Let us have a look as to how to begin in the field. First of all, you need to open a broking account with a broker providing internet trading facility. Today many brokers provide trading facility through internet. All these brokers are also depository participants (DP) and have a tie up with banks so that your three accounts viz broking, DP and bank are all interlinked. When you put a buy order, there is a seamless fund transfer from your bank account to the broker account and in case of execution of your sell order, shares move from your DP to the broker online. You also get a direct credit of money to your bank account in case of sell transaction and credit of shares in your DP account in case of buy transaction without having to worry about paper work and other inconvenience. The ease of doing it all through click of a mouse is simply too great to ignore.
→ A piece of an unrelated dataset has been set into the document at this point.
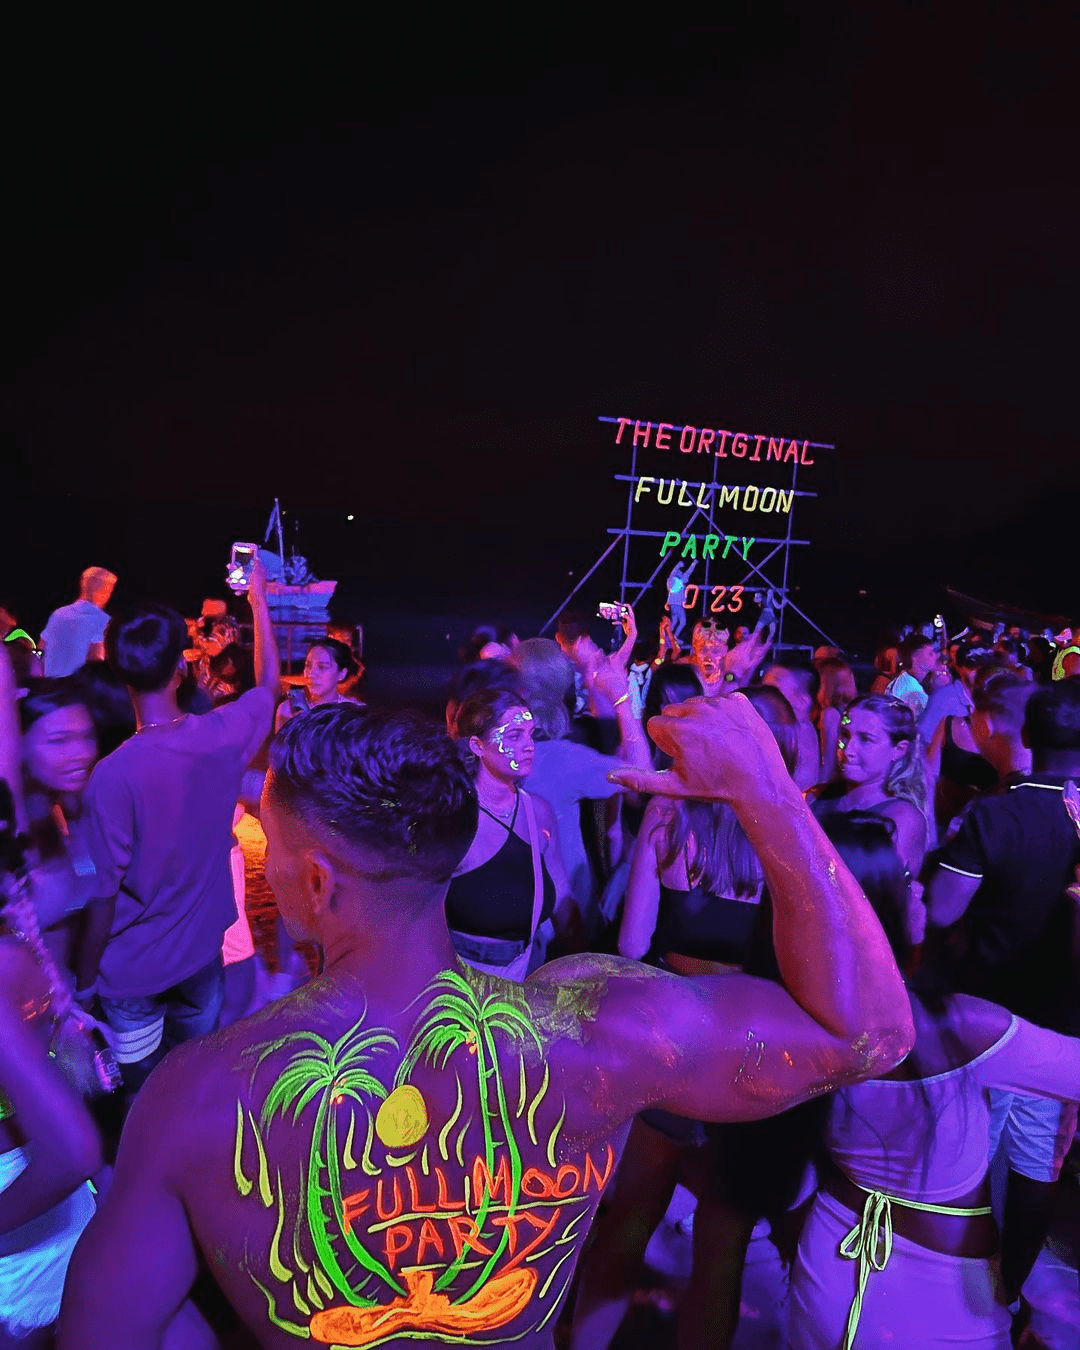 full moon party - neon paint that says fullmoonparty
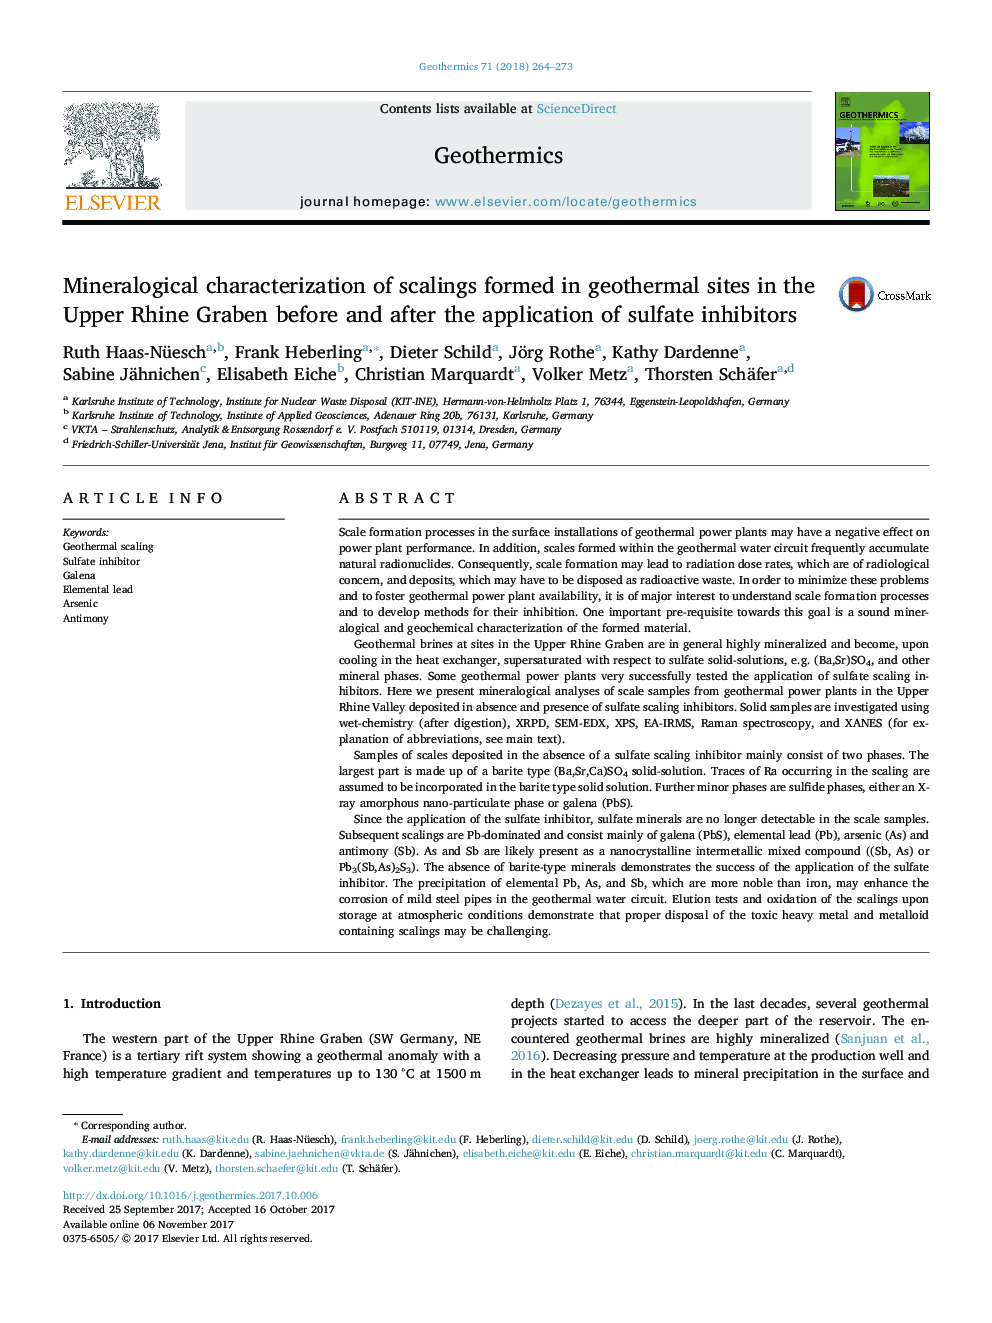 Mineralogical characterization of scalings formed in geothermal sites in the Upper Rhine Graben before and after the application of sulfate inhibitors

Costs associated with secondary market trading
There are different costs associated with trading in the secondary securities market. You must take them into account and compare across different brokers and their services. For example some brokers only provide broking services without any add on such as research or recommendations. Generally the brokerage charged by a full service broker is more than that charged by others. You may also need to pay DP charges, every time your make a transaction. There will be annual maintenance charges also known as holding charges for holding shares in your account by the DP. It makes sense to clarify all the charges with your broker and DP before start of trading. This way you will be able to make a decision about the costs payable to a particular broker or a DP.
You also need to put in margin money with your broker so as to allow you to trade. Some brokers may also insist on margin money before buying on your behalf. This is because brokers have to pay different forms of margin such as Value at risk (VAR) margin, mark to market margin to the stock exchanges. These margins are imposed by stock exchanges to cover their risks and to take care of adverse market movements. Brokers in turn pass on these margins to their clients.
Things to remember while trading through internet
You need to take a few things into account if you are investing through online facility of brokers. Internet seems too simple to resist. Hence makes sure that you invest only that much as you can afford to invest. So not fall prey to media hype and easy money making claims. Invest in good companies showing good results and with professional management and good background of promoters. Internet is abode of huge information and it is up to you to use information to your advantage.